I'm not sure the problem was entirely scientific, or rather, certainly not entirely an engineering problem. The problem was that they had no idea what the "pax" would do on a widescale, and apparently hadn't tested it enough on individuals to know that it would have the will-sapping effects (or the extreme violent antisocial reaction) indicating a depraved indifference to life among the engineers. Its not a function of "getting the dose/formula right" but a whole host of other issues.

For example, It may well be that there is some sort of insuperable knowledge problem that would prevent such a chemical solution to societal aggression to ever work. This is wholly unrelated to an engineering problem or the particular scientific one. Additionally, the meta issue of the demonstrated depraved indifference to individual or group life displayed by the social engineers is itself a threat to societal peace. Its not at all convincing that objecting to the meta problem is not consequentialist or anti-consequential since the opposition is not "just because/ A is A" but that the consequences of the meta rule are bad and thus that meta rule should not be applied/followed.

The Operative the most

The Operative the most interesting character in the movie. That is, until he learns of the failed government experiment and suddenly has a change of heart.

It's been a while, and I may have forgotten some things, but I don't think he had a change of heart. I think he knew about the experiment all along, but just realized that once the recording had been broadcast, there was nothing left to cover up. He was still very much on the side of the Alliance at the end of the movie.

But are the consequences of

But are the consequences of the meta rule bad? The meta rule seems to be this: it is good to make the world a better place through the use of science/technology.

Aggression is a bad thing. Making people less aggressive, either through cultural/environmental influences or genetic influences is a good thing. Thus, were we to invent a chemical solution to aggression, it would be wise to release this upon the population at large.

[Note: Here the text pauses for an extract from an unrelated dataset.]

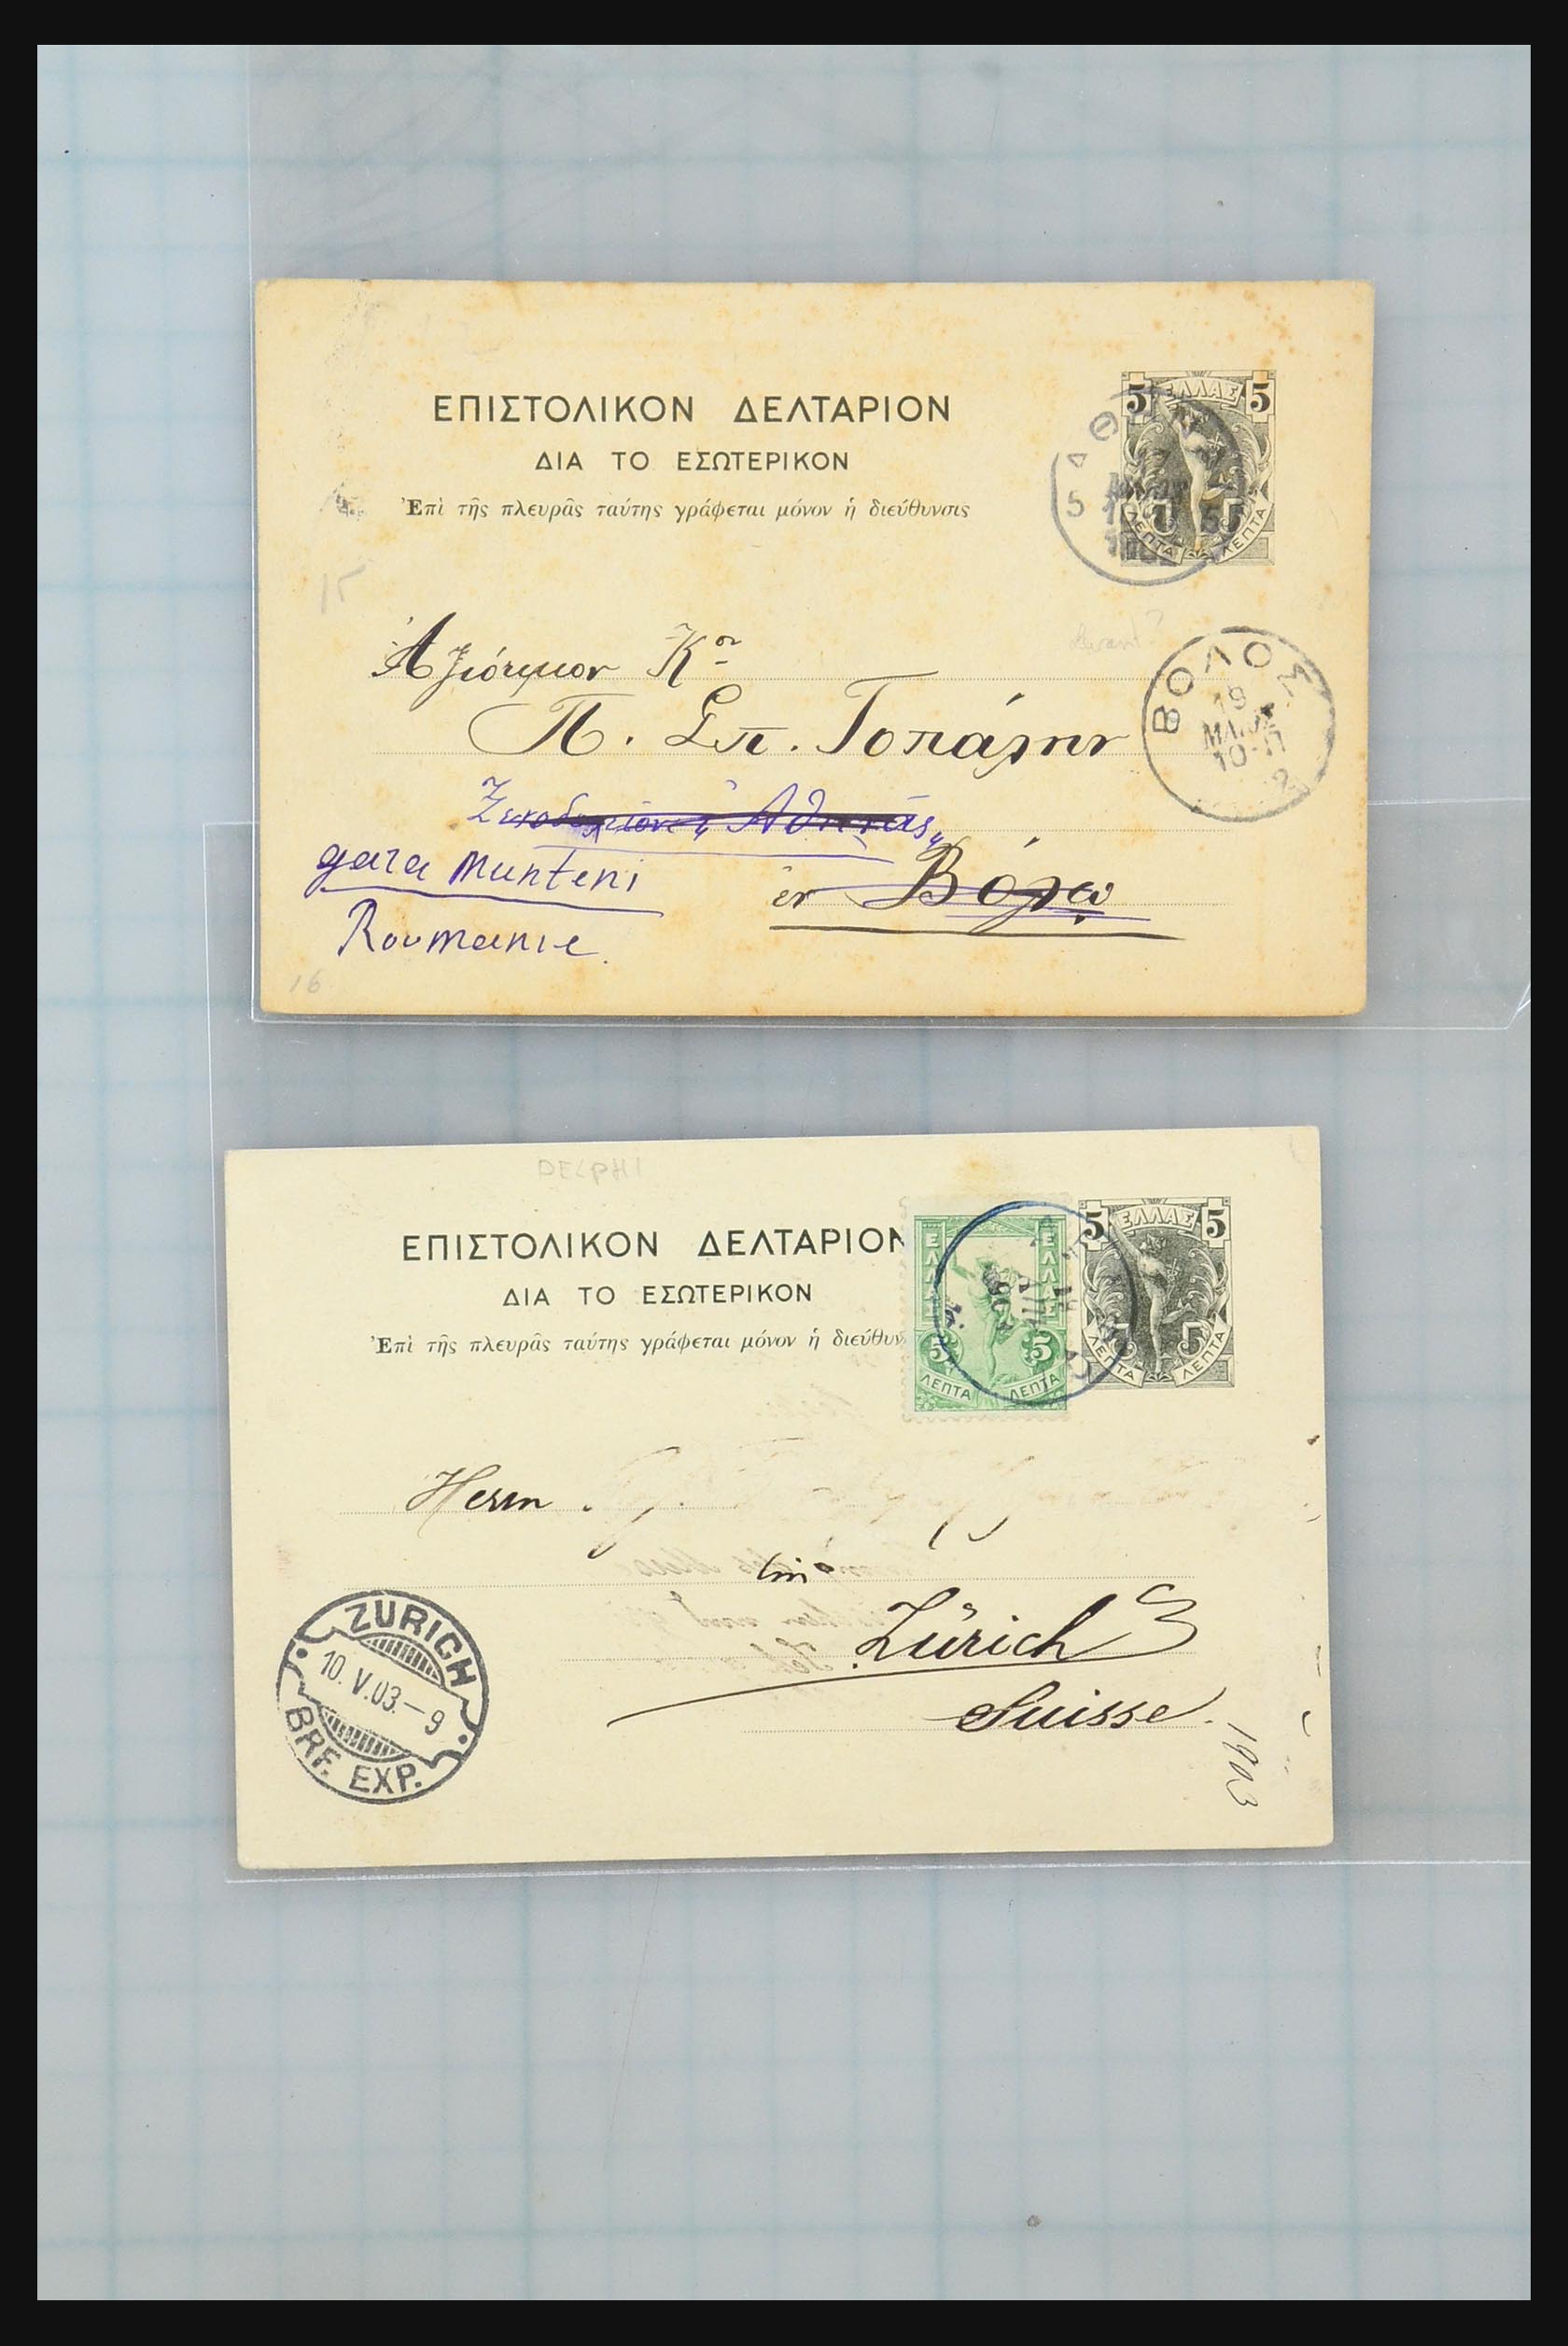 31358 029 - 31358 Portugal/Luxemburg/Griekenland brieven 1880-1960.

The problem in this specific instance seems to have been poor product testing. But that is a risk with any product. Those who promote the precautionary principle would have us place an unreasonably high burden of proof on the inventors of genetically modified foods, new pharmaceutical drugs, and other similar sorts of products. Until these substances can be proven safe, they should be avoided. But they can never be proven safe. There is always a risk that some late-acting devastating effect will occur and cause cancer or something. If we allow small possible risks to counter any conceivable progressive action, we have the ultimate form of conservative stagnation. I don't see a huge difference between these sorts of real life issues (flouride in the drinking water causes a big stink amount some weird people) and the substance presented in the movie.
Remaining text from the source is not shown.